Summary of the invention

In order to solve the above-mentioned technical problems, the present invention provides a kind for the treatment of method and apparatus of server failure, can Improve the treatment effeciency of server hard disc failure.

In order to reach the object of the invention, the present invention provides a kind of processing methods of server failure, which is characterized in that packet It includes:

When the hard disk for detecting server breaks down, the fault type of disk is determined；

Judge the fault type whether in local pre-stored recoverable error listing；

If the fault type in the recoverable error listing, obtains the corresponding solution of the fault type Strategy, and execute the resolution policy of the fault type.

Wherein, the method also has a characteristic that the corresponding resolution policy of the acquisition fault type, and executes The resolution policy of the fault type includes:

The corresponding processing strategie of the fault type is searched from pre-set fault recovery knowledge base；

According to the fault recovery tool recorded in the processing strategie, the access right of the fault recovery tool is obtained；

According to the processing strategie, the fault recovery tool is run.

Wherein, the method also has a characteristic that the corresponding resolution policy of the acquisition fault type, and executes After the resolution policy of the fault type, the method also includes:

Whether the failure for detecting the disk releases；

If the trouble shooting of the disk notifies the failure of the disk to release；Otherwise, the failure is carried out Alarming processing.

Wherein, the method also have a characteristic that the method also includes:

If not in the recoverable error listing, the fault type of the disk is carried out for the fault type Alarming processing.

Wherein, after the method also has a characteristic that the fault type by the disk carries out alarming processing, The method also includes:

When detecting that the failure to the disk is handled, the resolution policy to the failure is recorded；

Identify that processing strategie and used disk restore tool in the resolution policy；

Processing strategie in the resolution policy of the fault type is increased in fault recovery knowledge base, and configures the solution Decision slightly in fault recovery tool.

In order to reach the object of the invention, the present invention provides a kind of processing units of server failure, comprising:

Determining module, for determining the fault type of disk when the hard disk for detecting server breaks down；

Judgment module, for judging the fault type whether in local pre-stored recoverable error listing；

Processing module, if obtaining the failure in the recoverable error listing for the fault type The corresponding resolution policy of type, and execute the resolution policy of the fault type.

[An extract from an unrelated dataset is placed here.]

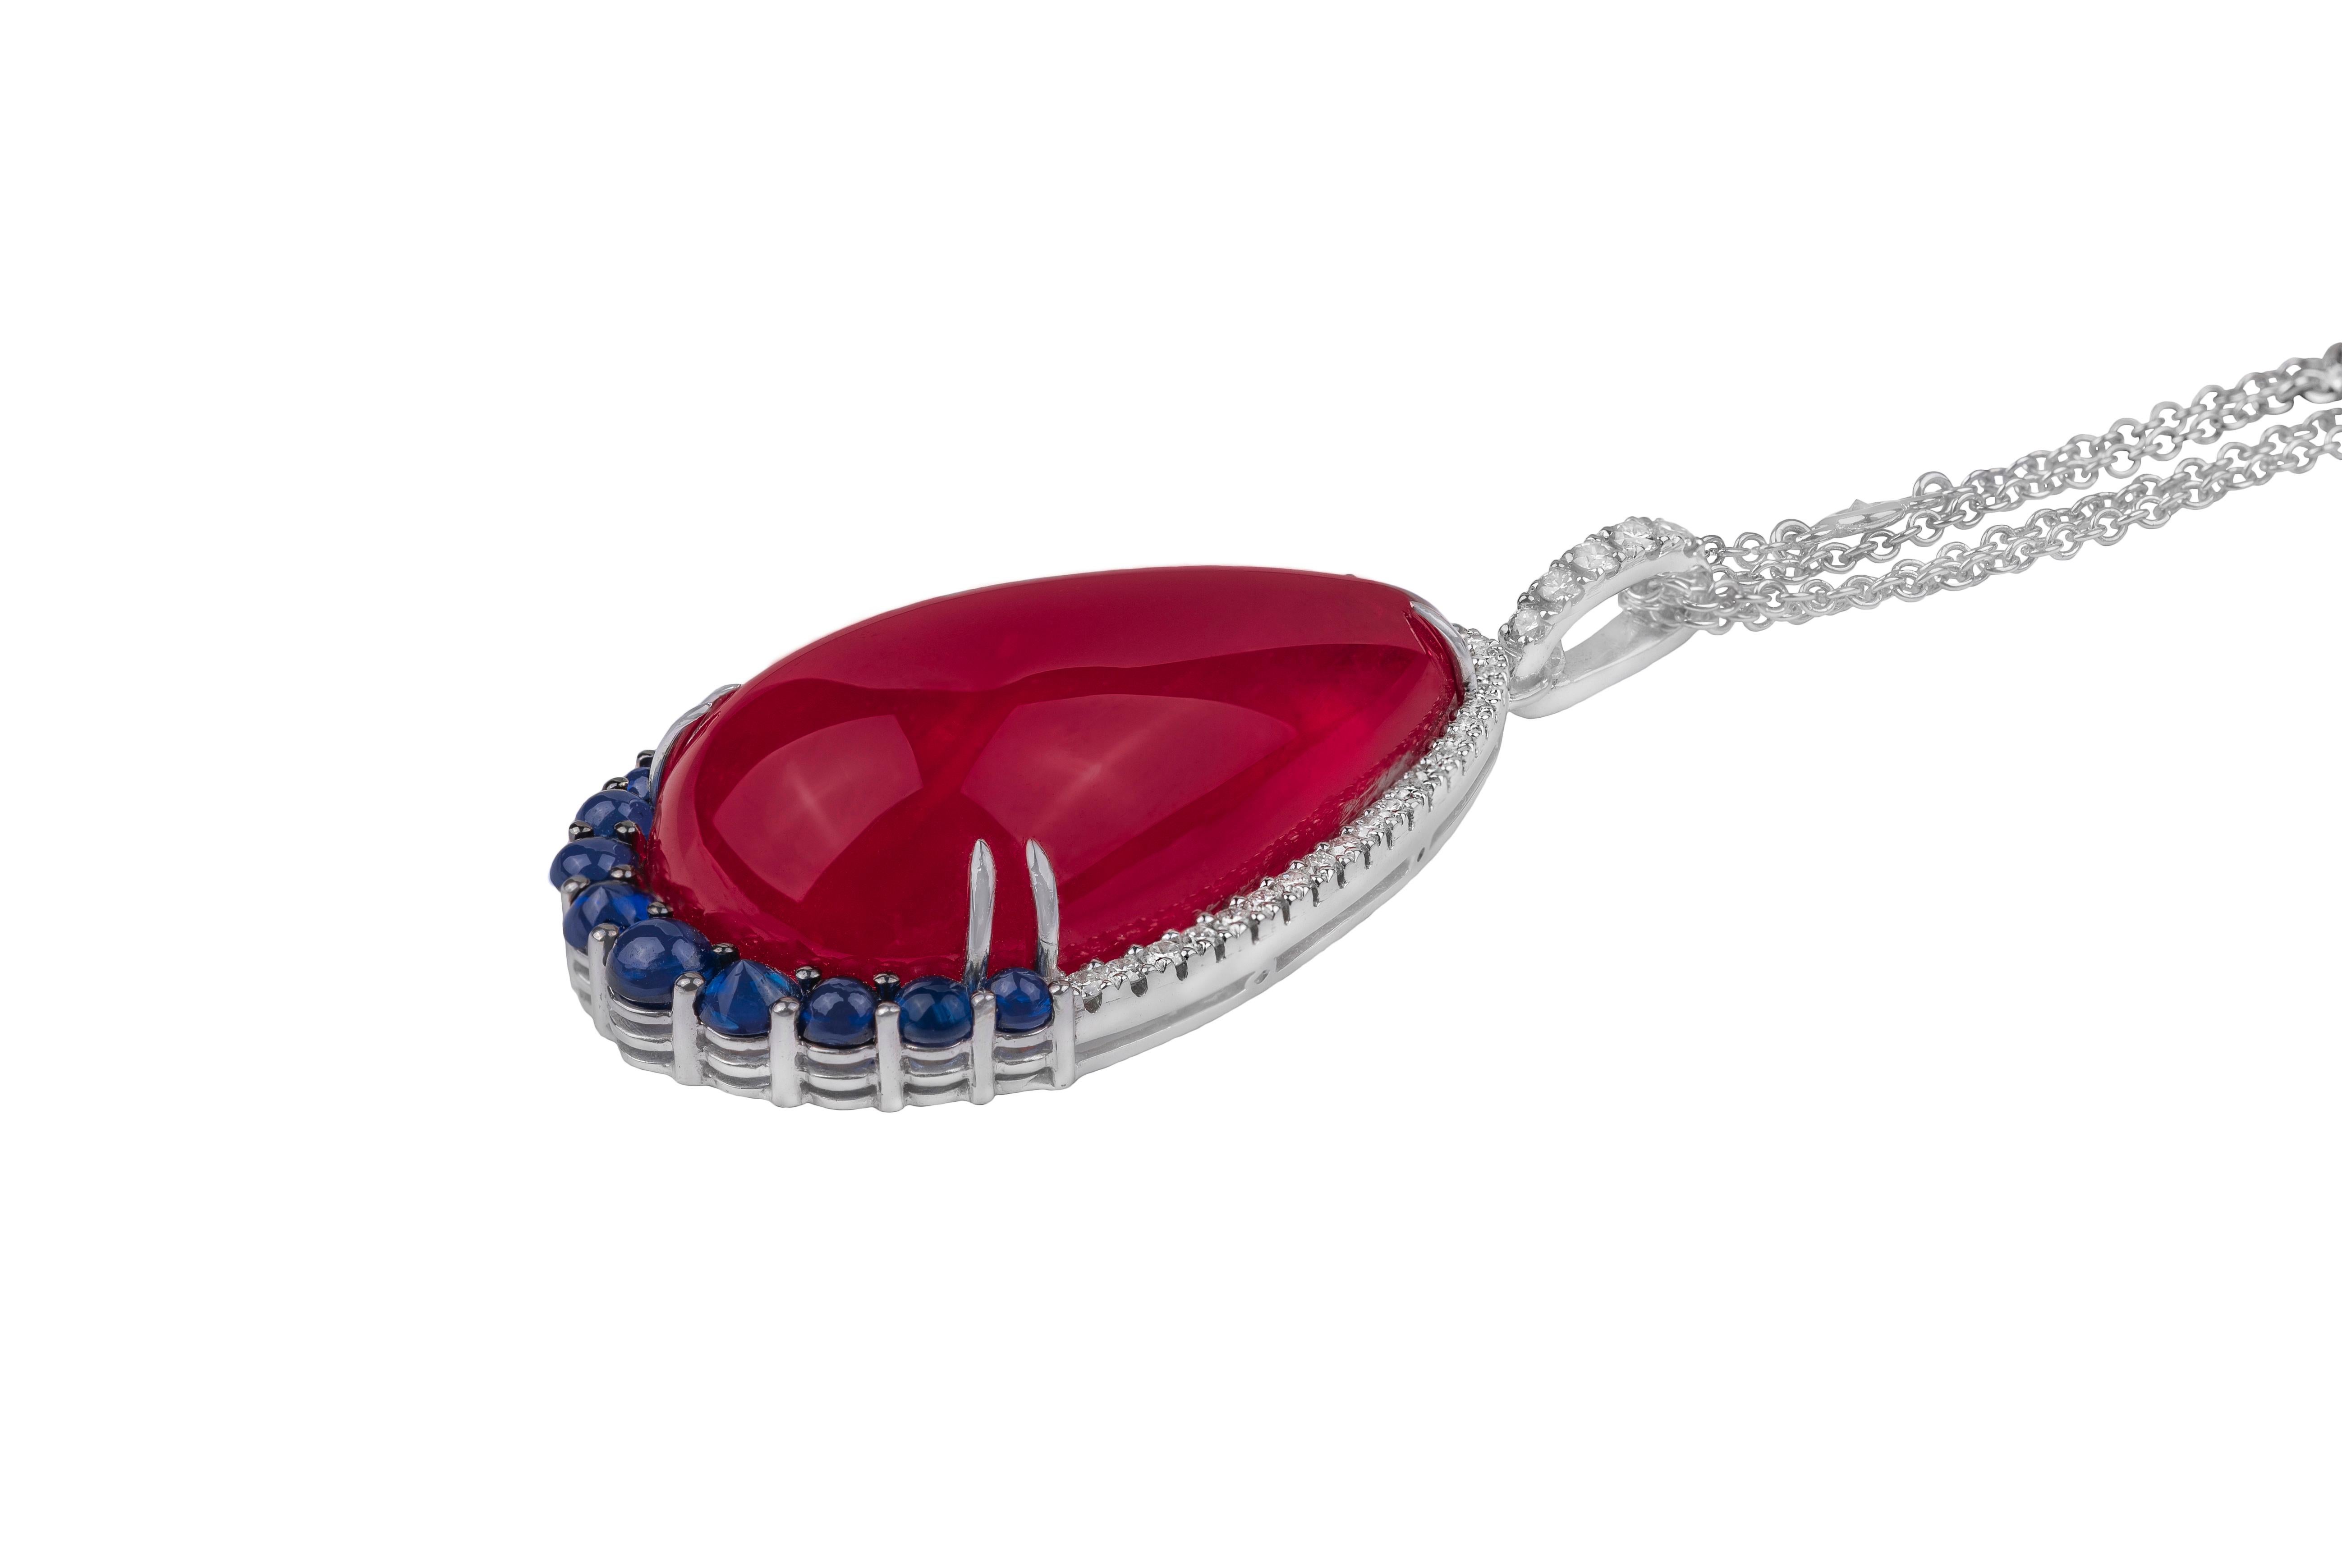 This elegant 18k white gold necklace is made in Italy by Fanuele Gioielli.    
The drop shaped pendant is composed by cabochon cut drop shaped ruby, nine cabochon cut round shaped sapphires and a row of brilliant cut white diamonds. Brilliant cut

Wherein, described device also has a characteristic that the processing module includes:

Searching unit, for searching the corresponding processing plan of the fault type from pre-set fault recovery knowledge base Slightly；

Acquiring unit, for obtaining the fault recovery work according to the fault recovery tool recorded in the processing strategie The access right of tool；

Running unit, for running the fault recovery tool according to the processing strategie.

Wherein, described device also has a characteristic that described device further include:

Detection module, for after the resolution policy for executing the fault type, detect the disk failure whether It releases；

Reporting module notifies the failure of the disk to release if the trouble shooting for the disk；Otherwise, Alarming processing is carried out to the failure.

Alarm module, if for the fault type not in the recoverable error listing, by the disk Fault type carry out alarming processing.

Logging modle, for detecting to institute after the fault type by the disk carries out alarming processing When stating the failure of disk and being handled, the resolution policy to the failure is recorded；

Identification module, processing strategie and used disk restore tool in the resolution policy for identification；

Management module, for processing strategie in the resolution policy of the fault type to be increased to fault recovery knowledge base In, and configure the fault recovery tool in the resolution policy.

Embodiment provided by the invention determines the fault type of disk when the hard disk for detecting server breaks down, The fault type is judged whether in local pre-stored recoverable error listing, to determine whether the failure can be by Equipment is handled itself, if the fault type is in the recoverable error listing, then it represents that the failure can be by Equipment is repaired, then calls locally associated resolution policy, is run the processing that the resolution policy carries out failure, is realized failure Processing in time reduces server maintenance cost, improves the treatment effeciency of server hard disc failure.

Other features and advantages of the present invention will be illustrated in the following description, also, partly becomes from specification It obtains it is clear that understand through the implementation of the invention.The objectives and other advantages of the invention can be by specification, right Specifically noted structure is achieved and obtained in claim and attached drawing.

Detailed description of the invention

Attached drawing is used to provide to further understand technical solution of the present invention, and constitutes part of specification, with this The embodiment of application technical solution for explaining the present invention together, does not constitute the limitation to technical solution of the present invention.

Fig. 1 is the flow chart of the processing method of server failure provided by the invention；

Fig. 2 is the schematic diagram of server hard disc fault diagnosis provided by the invention and self-adaptive recovery alarm method；

Fig. 3 is the structure chart of the processing unit of server failure provided by the invention.

Specific embodiment

To make the objectives, technical solutions, and advantages of the present invention clearer, below in conjunction with attached drawing to the present invention Embodiment be described in detail.It should be noted that in the absence of conflict, in the embodiment and embodiment in the application Feature can mutual any combination.

Step shown in the flowchart of the accompanying drawings can be in a computer system such as a set of computer executable instructions It executes.Also, although logical order is shown in flow charts, and it in some cases, can be to be different from herein suitable Sequence executes shown or described step.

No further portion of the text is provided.